Emma Hudson, meia-irmã de Roselyn, fruto do caso do pai dela com Sophia Grant.
Sophia já havia destruído o casamento da mãe de Roselyn, muitos anos antes. Agora, a história se repetia, quase palavra por palavra.
Com aqueles olhos de inocente e aquela voz mansa, Emma tinha ido parar na cama de Adrian.
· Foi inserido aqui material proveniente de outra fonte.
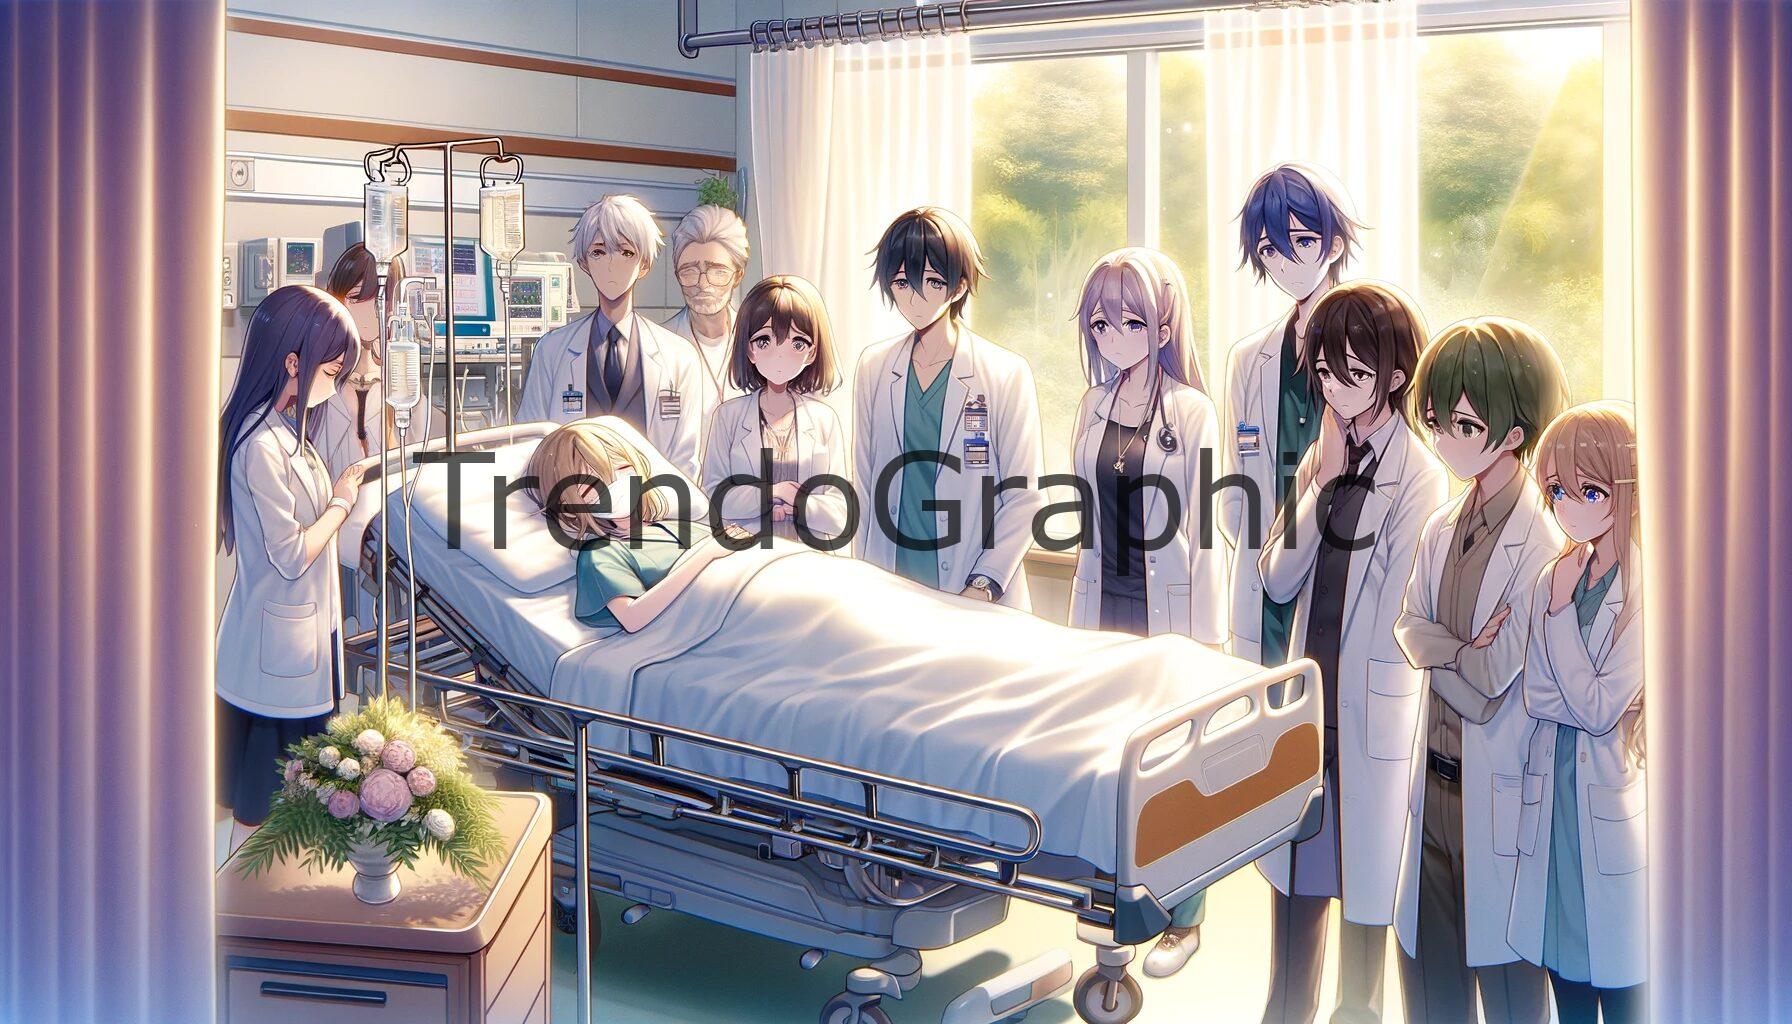 Heart-Wrenching Anime Hospital Goodbyes: A Scene of Hope and Sorrow
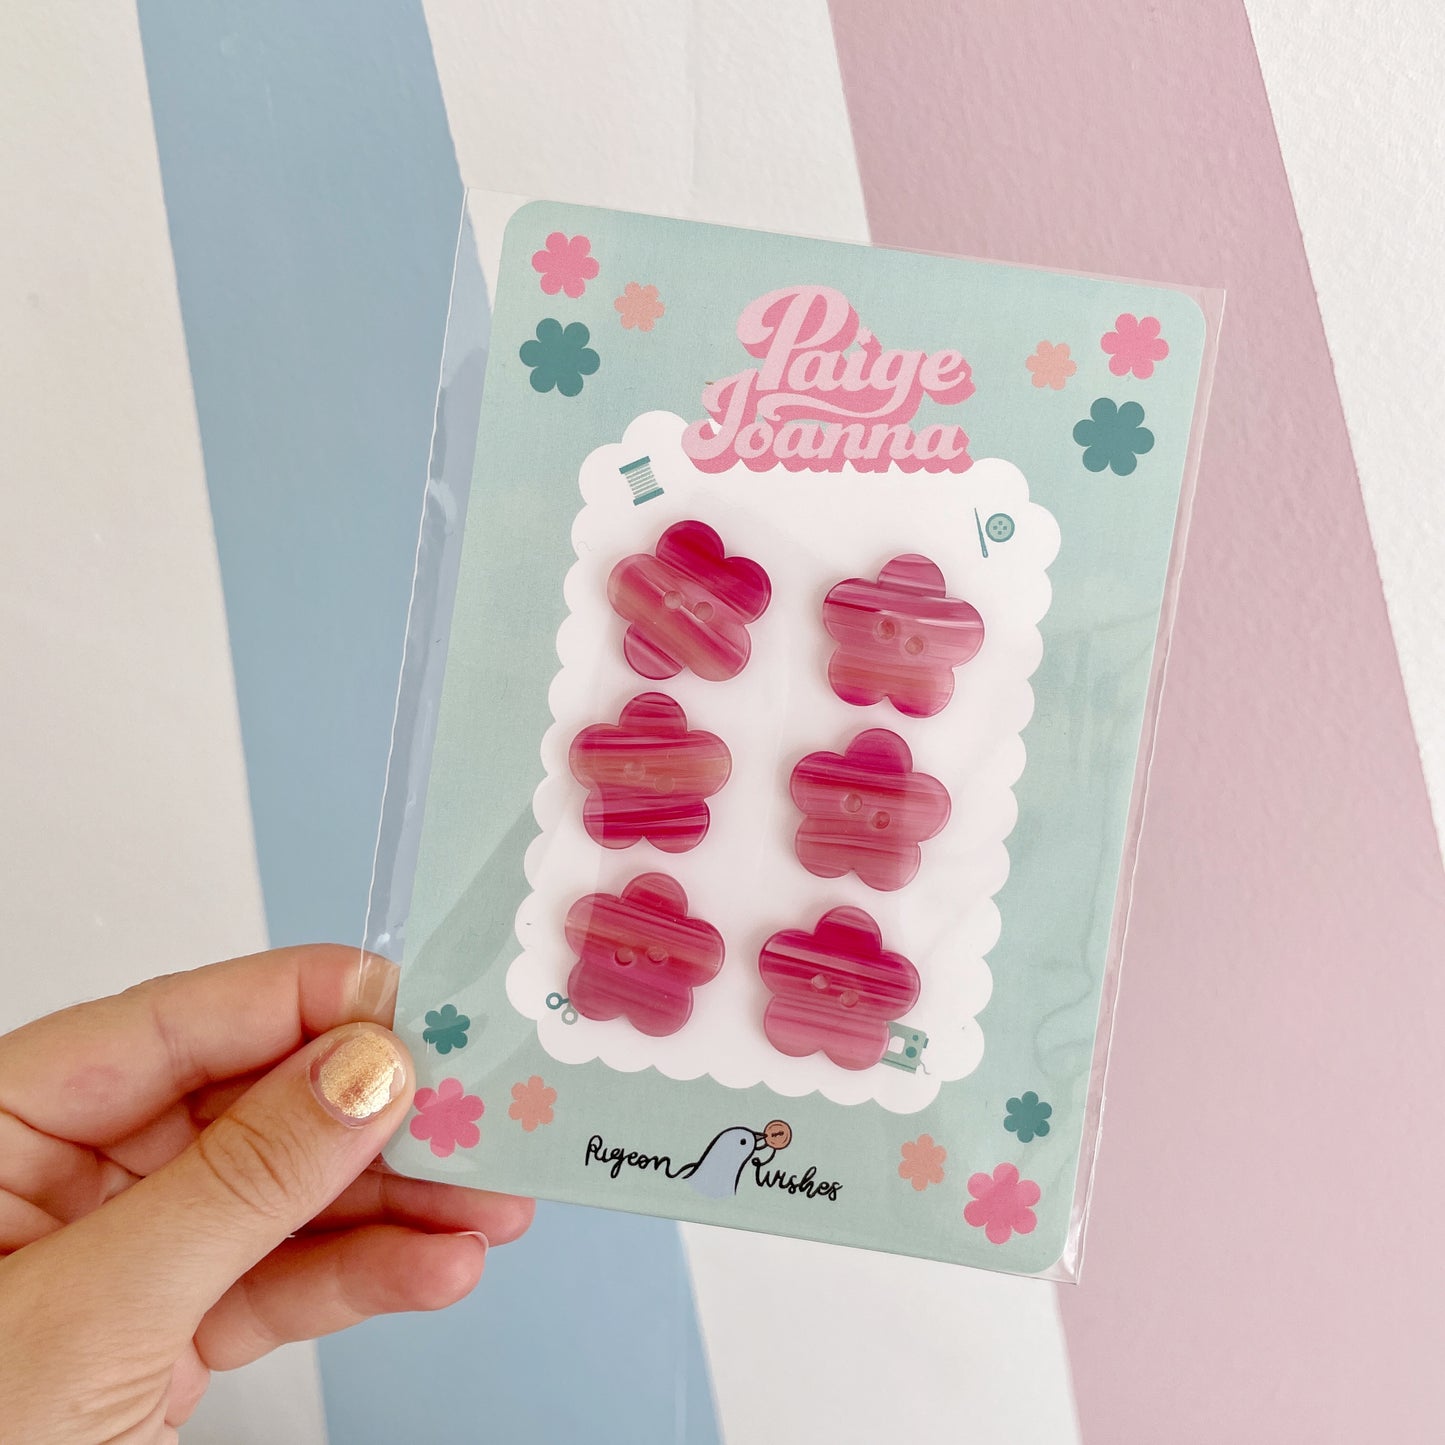 X6 Original Paige Joanna X Pigeon Wishes Blossom Flower Shape 25mm Buttons | pink stripe & ombré effect

Roselyn continuava com os olhos fixos na mensagem quando outra onda de dor rasgou o estômago e se espalhou como fogo por todo o corpo.
Uma lágrima escapou, e ela a enxugou depressa, quase com raiva, e o rosto voltou a se fechar, duro como pedra.
Então, destravou o celular e pesquisou duas coisas: as regras de partilha de bens num divórcio, e o preço do tratamento-alvo para câncer de estômago.
Quarenta minutos depois, o carro entrava na garagem da mansão dos Riley.
O Aston Martin de Adrian não estava ali.
Ótimo. Ele não estava em casa.
Sem parar para pensar duas vezes, Roselyn foi direto ao escritório dele - tomado pelo cheiro de sempre, colônia cara misturada a couro - e dali seguiu direto ao cofre escondido atrás do quadro.
O código não era difícil de lembrar: o aniversário de Adrian.
Digitou-o, e um clique ecoou na fechadura.
De dentro, tirou uma pilha grossa de contratos de uma aquisição que ele vinha preparando há semanas. E, embaixo deles, achou o que procurava: o acordo pré-nupcial.
Levou-o até o triturador e o alimentou, folha por folha, até não sobrar nada.
Com o original destruído, imprimiu um modelo padrão de divórcio e preencheu, com cuidado, a seção de partilha de bens, usando exatamente o que tinha acabado de pesquisar.
Depois, fez uma cópia do diagnóstico de câncer.
Ambos os documentos - o acordo e o exame - foram deslizados bem no meio da pilha de contratos de aquisição.
Só então pegou o celular de novo e ligou para Jenifer Riley, mãe de Adrian, dona de fato das finanças da família.
Desde sempre, Jenifer a desprezava e a via como nada mais que uma mulher de olho no dinheiro dos Riley.
"O que você quer?", Jenifer perguntou, com impaciência na voz.
"Senhora Riley, estou ligando sobre meu divórcio com Adrian. Preciso que ele assine o acordo esta noite, e temos de discutir a indenização", disse Roselyn em tom calmo.
Silêncio do outro lado.
Um momento depois, Jenifer soltou uma risada abafada. Aos olhos dela, Roselyn finalmente tinha aceitado a realidade: nunca iria se encaixar na família Riley.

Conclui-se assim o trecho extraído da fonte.